Image source: Washington Times, 16 April 1916, 19; Fargo Forum, 17 June 1916, 1.

CC BY-NC-ND 4.0 This work is licensed under a Creative Commons Attribution-NonCommercial-NoDerivatives 4.0 International License. Permissions beyond the scope of this license may be available at

  1. Washington Post, 16 April 1916, 11. [] [] []
  2. Washington Times, 16 April 1916, 19. []
  3. Washington Herald, 16 April 1916, 1. []
  4. Ibid., 11. []
  5. Washington Times, 16 April 1916, 19. []
  6. Ibid., 19. [] []
  7. Evening World (New York), 25 April 1916, 3. []
  8. Washington Herald, 26 April 1916, 12. []
  9. Bennington Evening Banner (VT), 8 May 1916, 3. []
  10. Grand Forks Herald (ND), 22 August 1916, 2. []

2 thoughts on “Must be a Zeppelin raid

  1. "could have blown the White House and Capitol off the map"
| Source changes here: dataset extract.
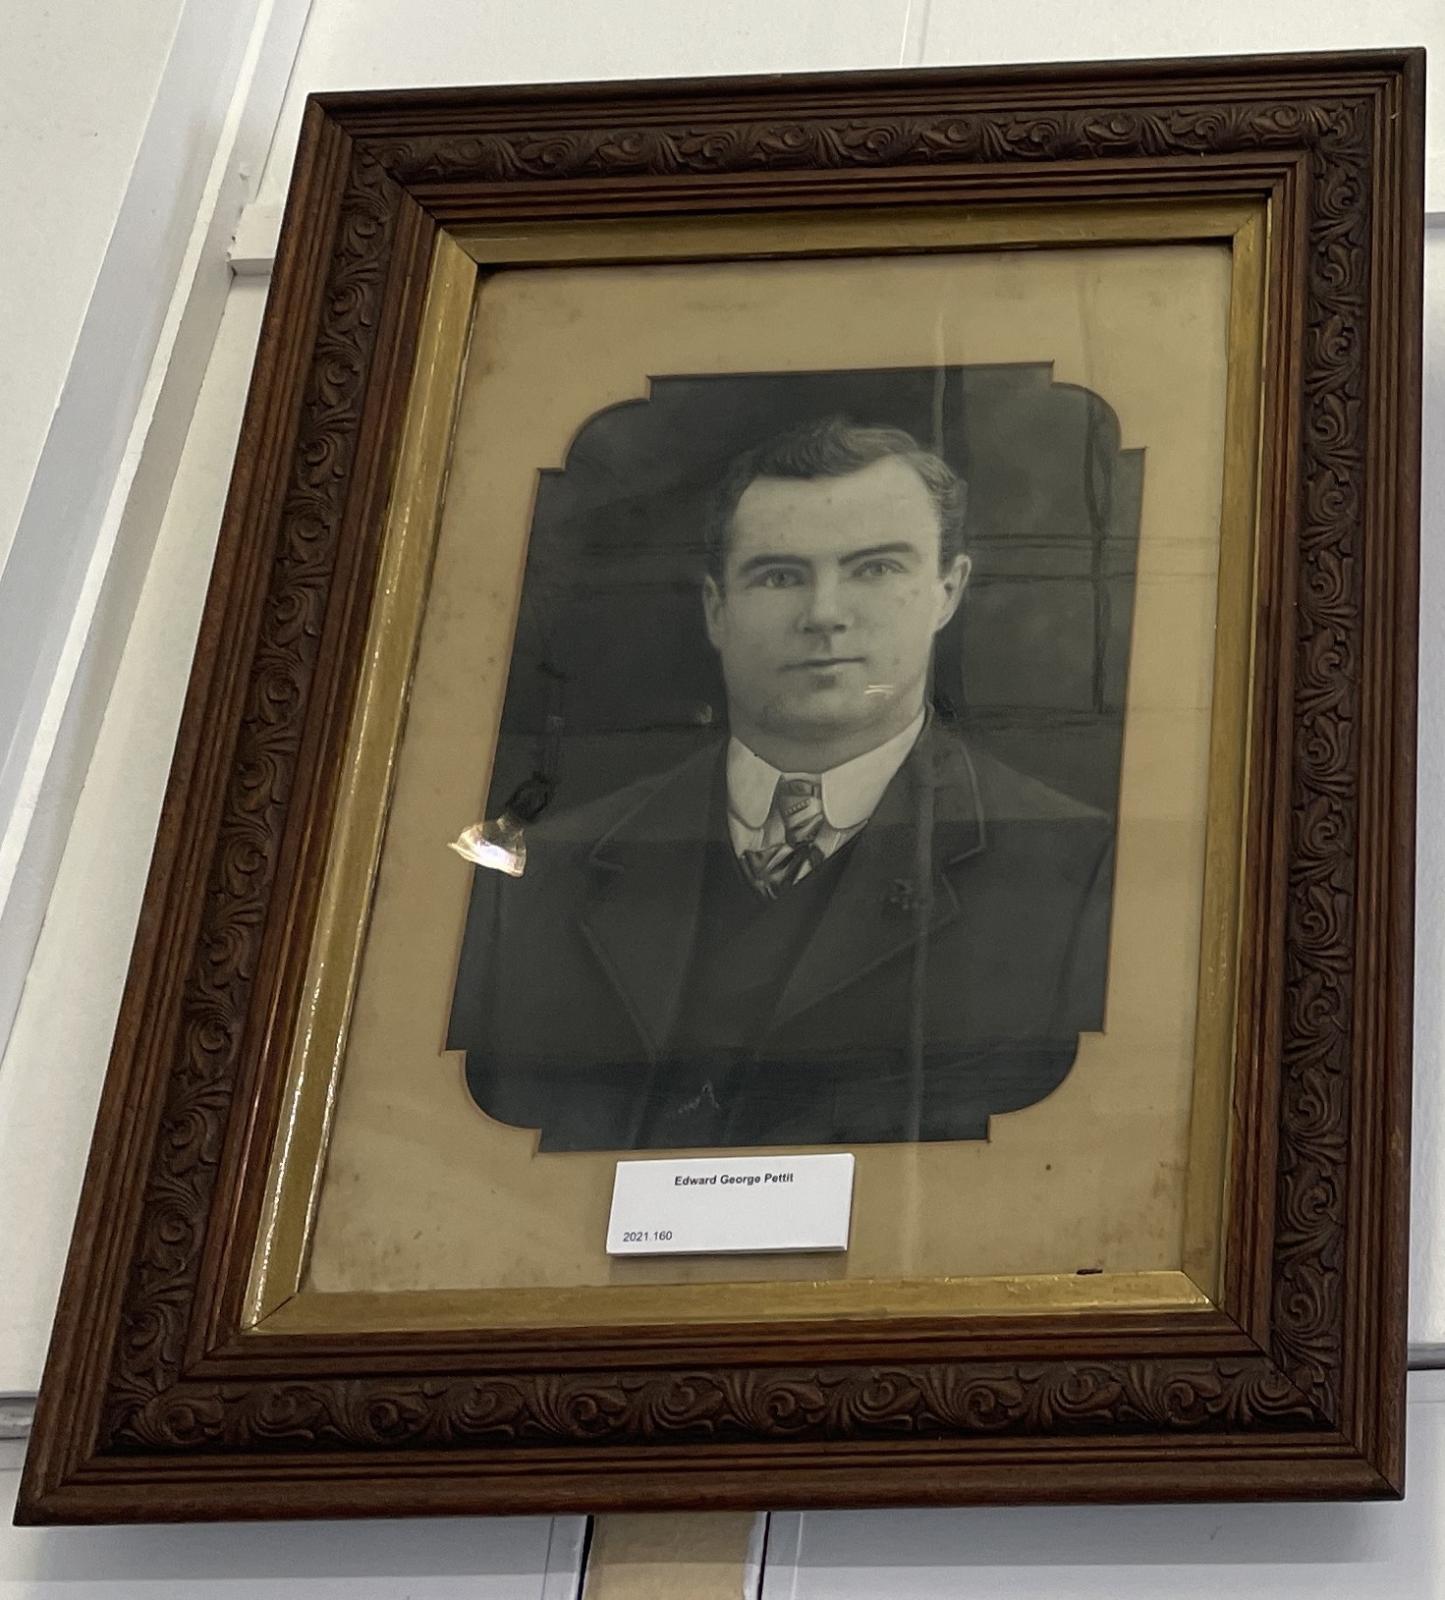 Framed photograph of Edward George Pettit

    I suspect that his claims might have been taken more seriously if they had been more credible. I doubt the bomb load his craft could carry would have been enough to demolish either of those formidable stone structures

  2. Post author

    You're absolutely right, he was wildly exaggerating. And by 1916 it was clear enough that while Zeppelins, for example, could do some serious damage, they weren't exactly laying waste to London. Scaremongering is always a risk!